◆ **Task description**: Word for word, please restate the line that contains "Victim Joe Bath's" and all lines after it through the end of the material, minus the pictures.

◆ **Exercise data**:
<<<<
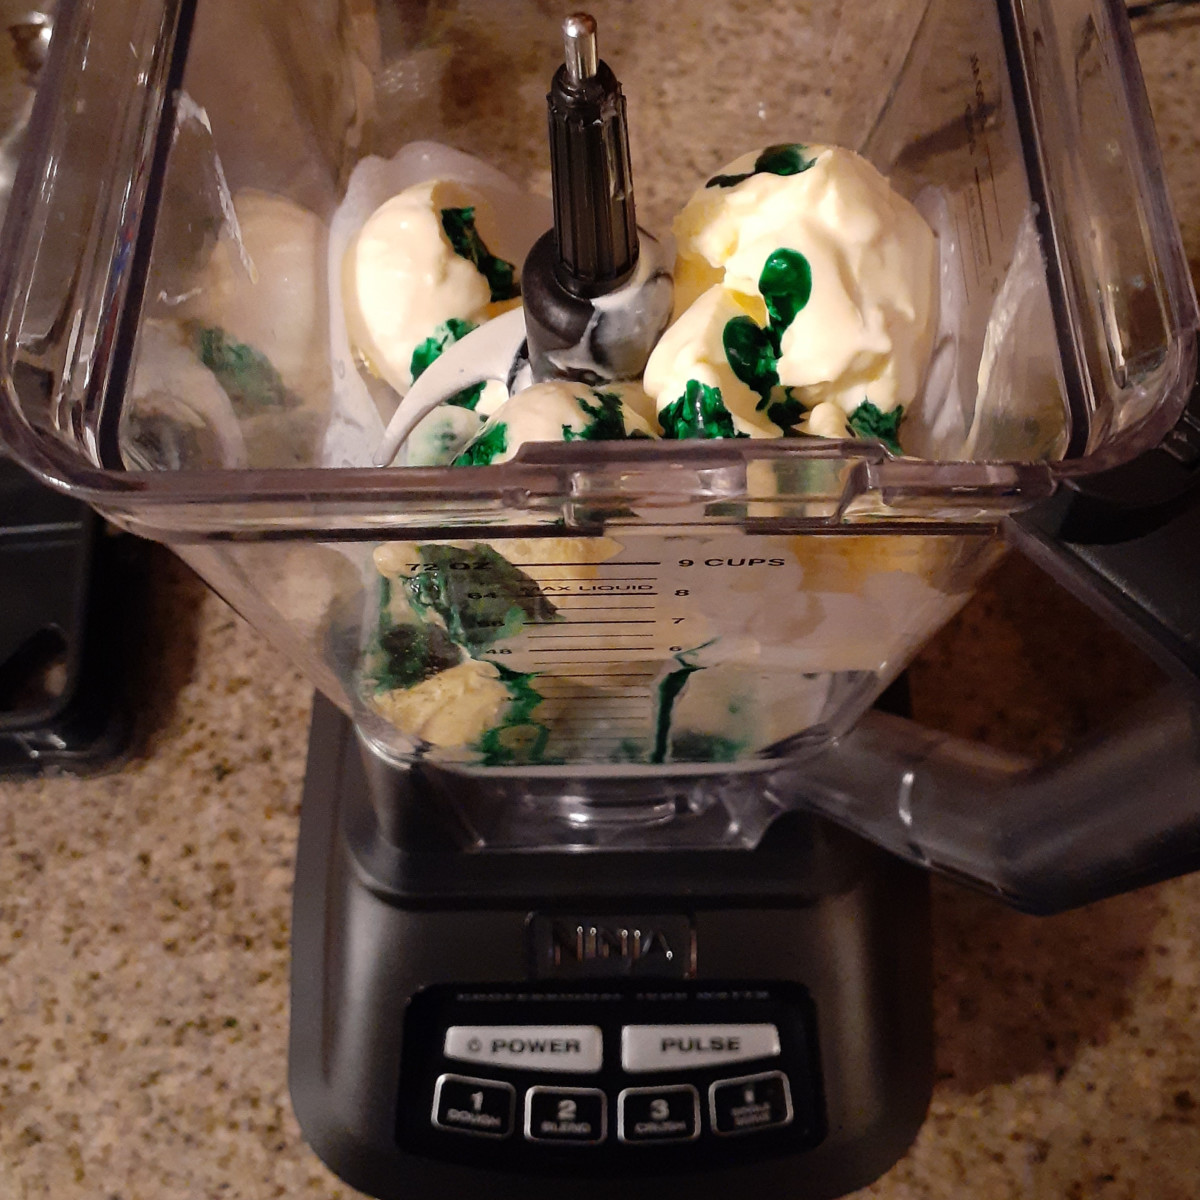 In a blender, add ice cream, heavy cream, mint extract, and green food coloring. Blend until smooth.
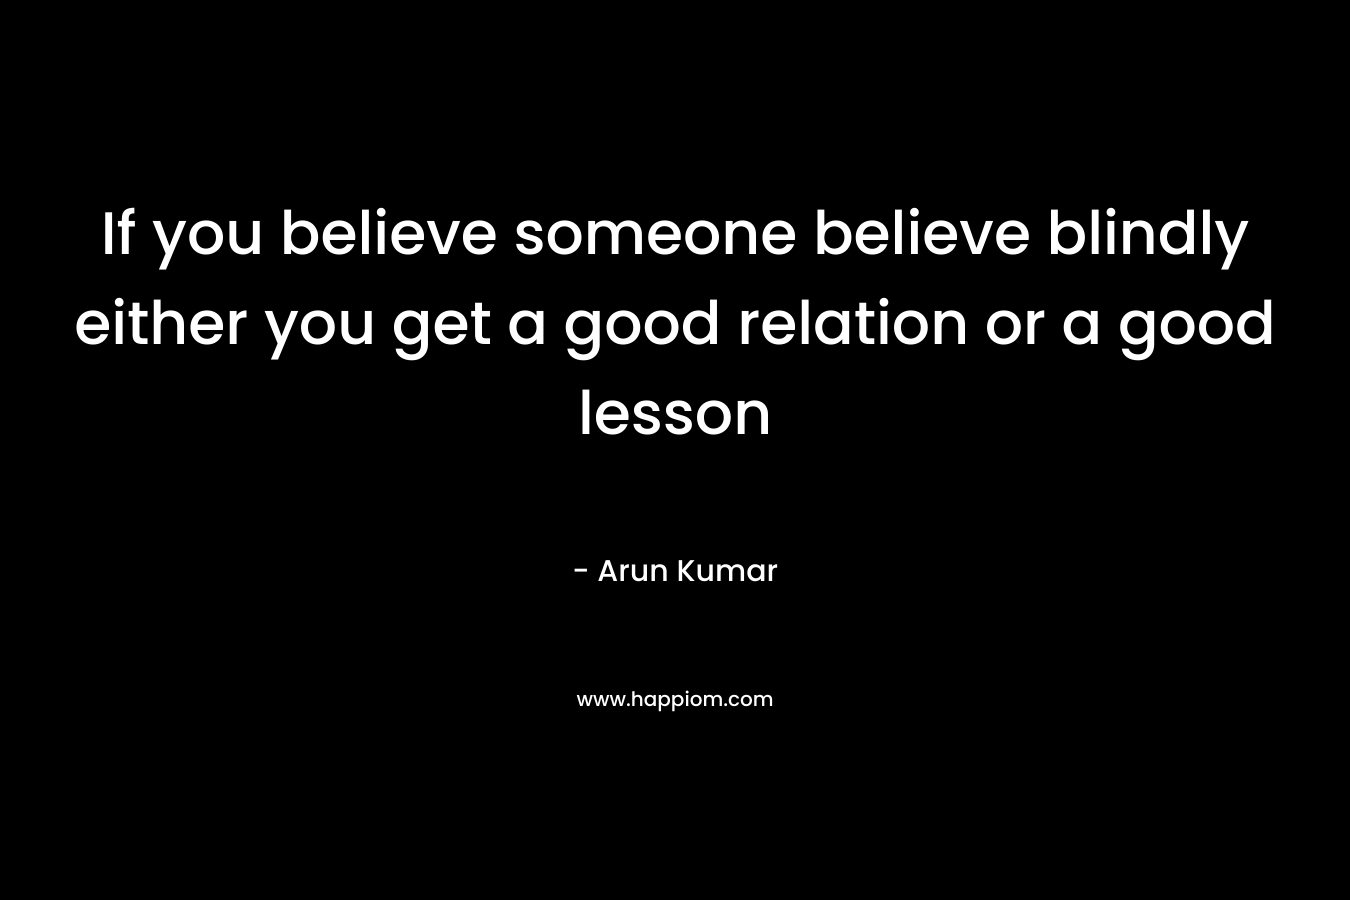 If you believe someone believe blindly either you get a good relation or a good lesson – Arun Kumar
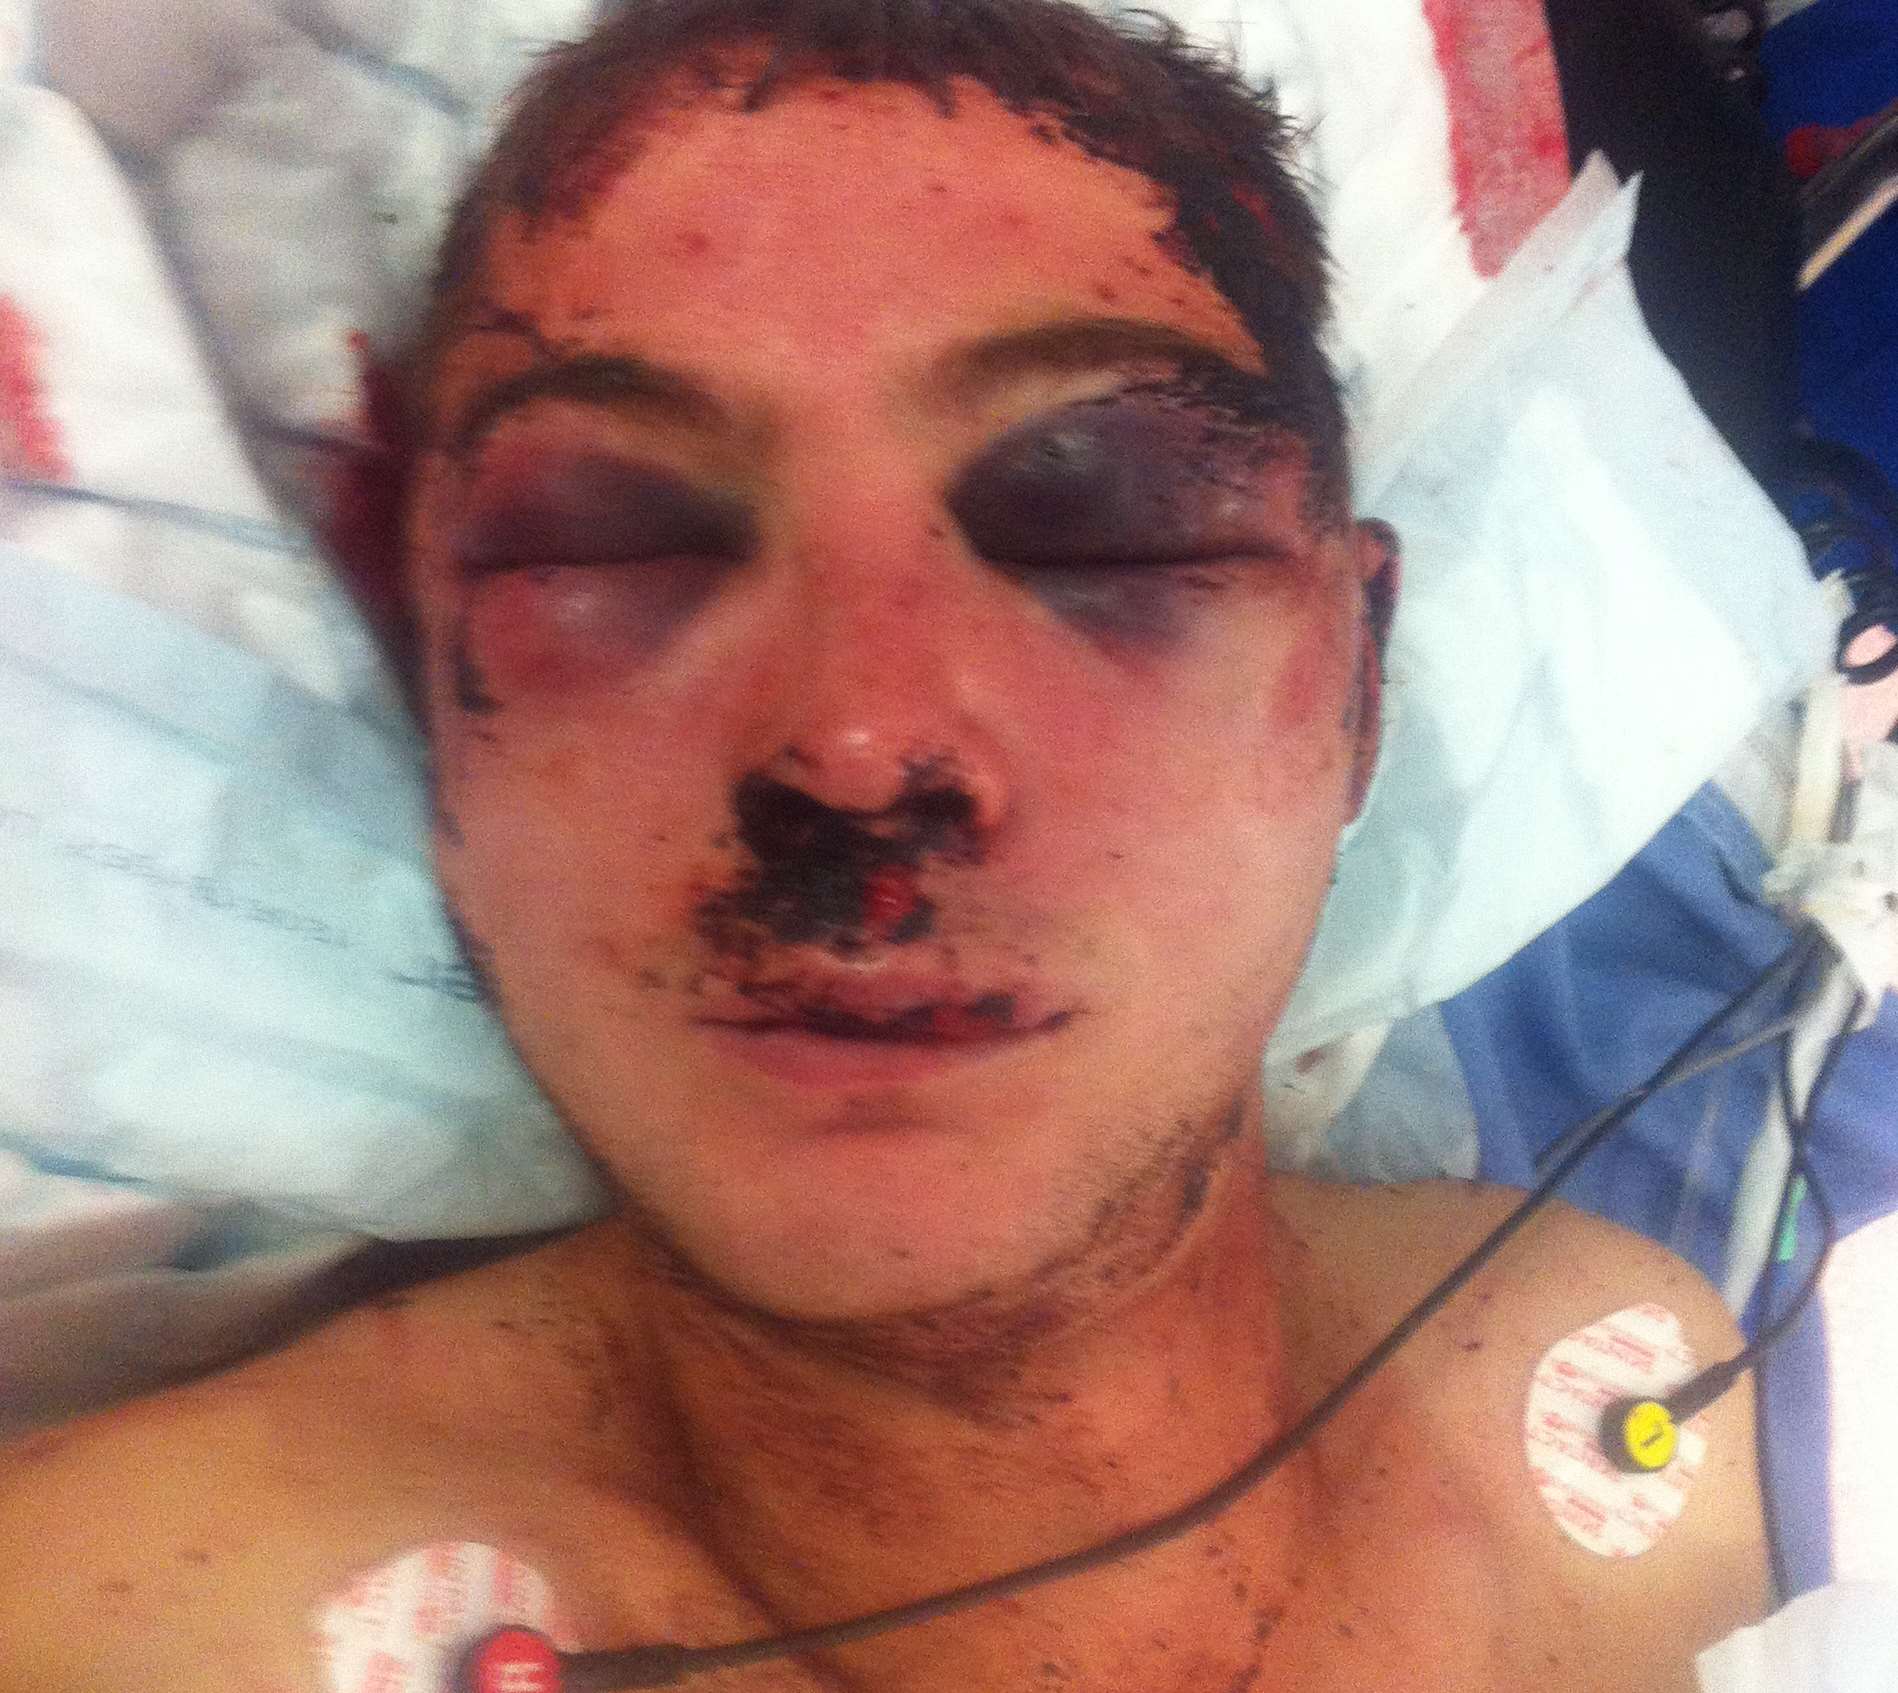 Victim Joe Bath's mother didn't recognise him after he was left for dead in a vicious attack
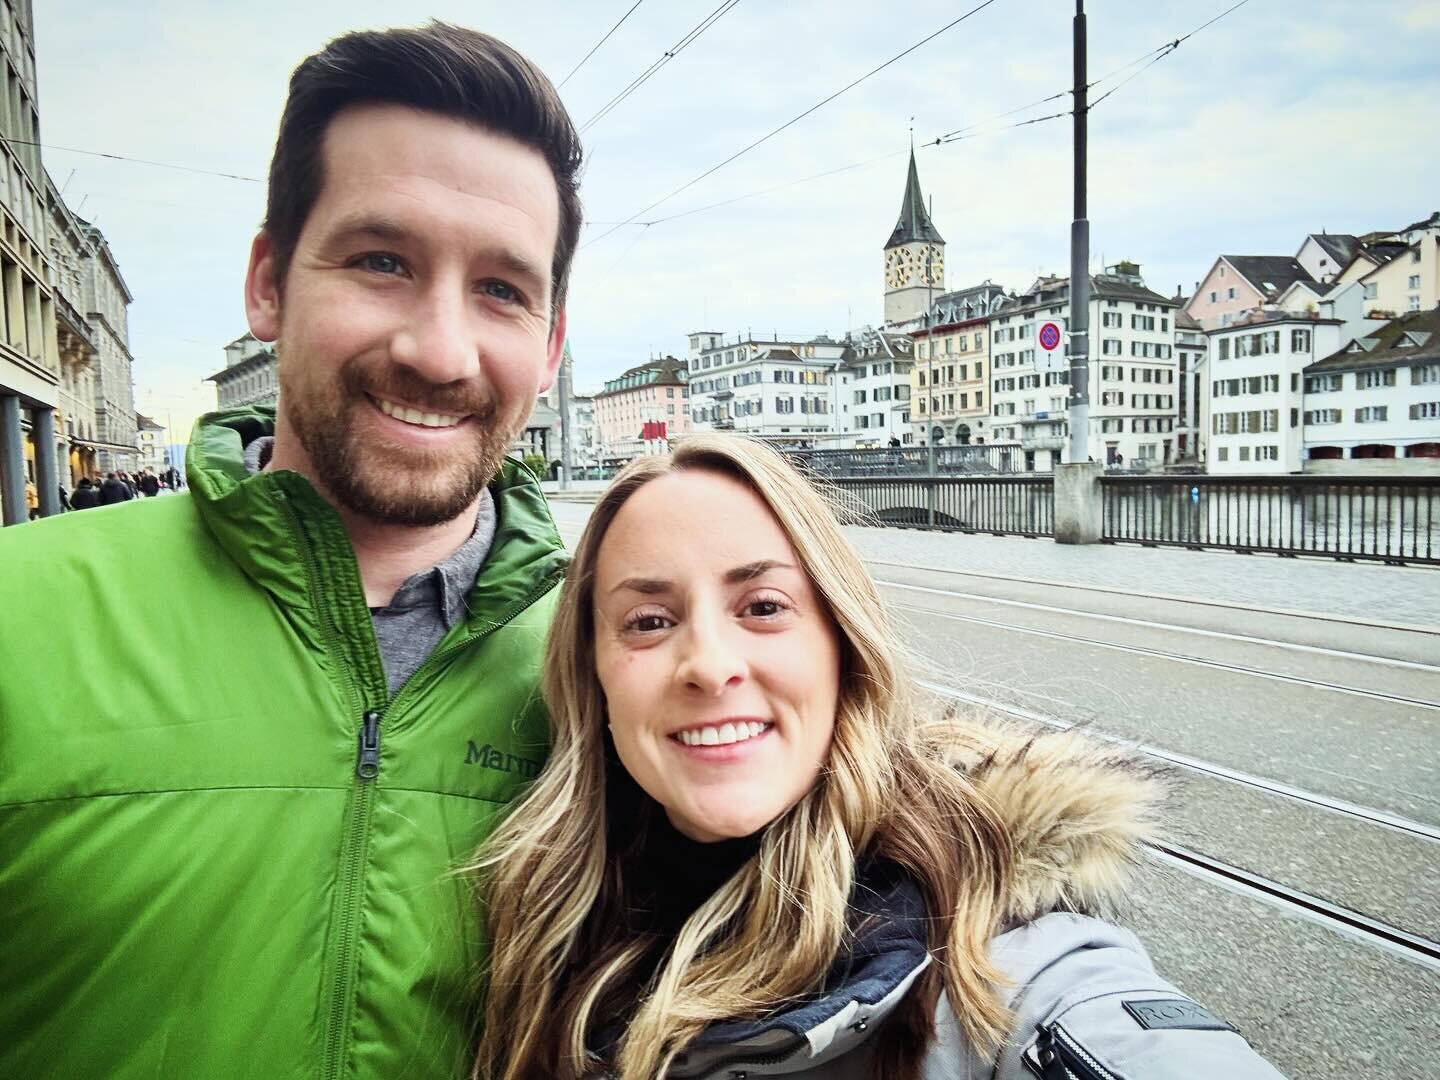 Our last stop on our trip! And one of my favorites ✨ Zurich, Switzerland! We had the best time doing all the touristy things. We ate the best fondue 🫕, went to the Lindt Chocolate Factory and explored the beautiful city of Zurich. We ended the trip
>>>>
◆ **Result of this task**:
 Victim Joe Bath's mother didn't recognise him after he was left for dead in a vicious attack
 Our last stop on our trip! And one of my favorites ✨ Zurich, Switzerland! We had the best time doing all the touristy things. We ate the best fondue 🫕, went to the Lindt Chocolate Factory and explored the beautiful city of Zurich. We ended the trip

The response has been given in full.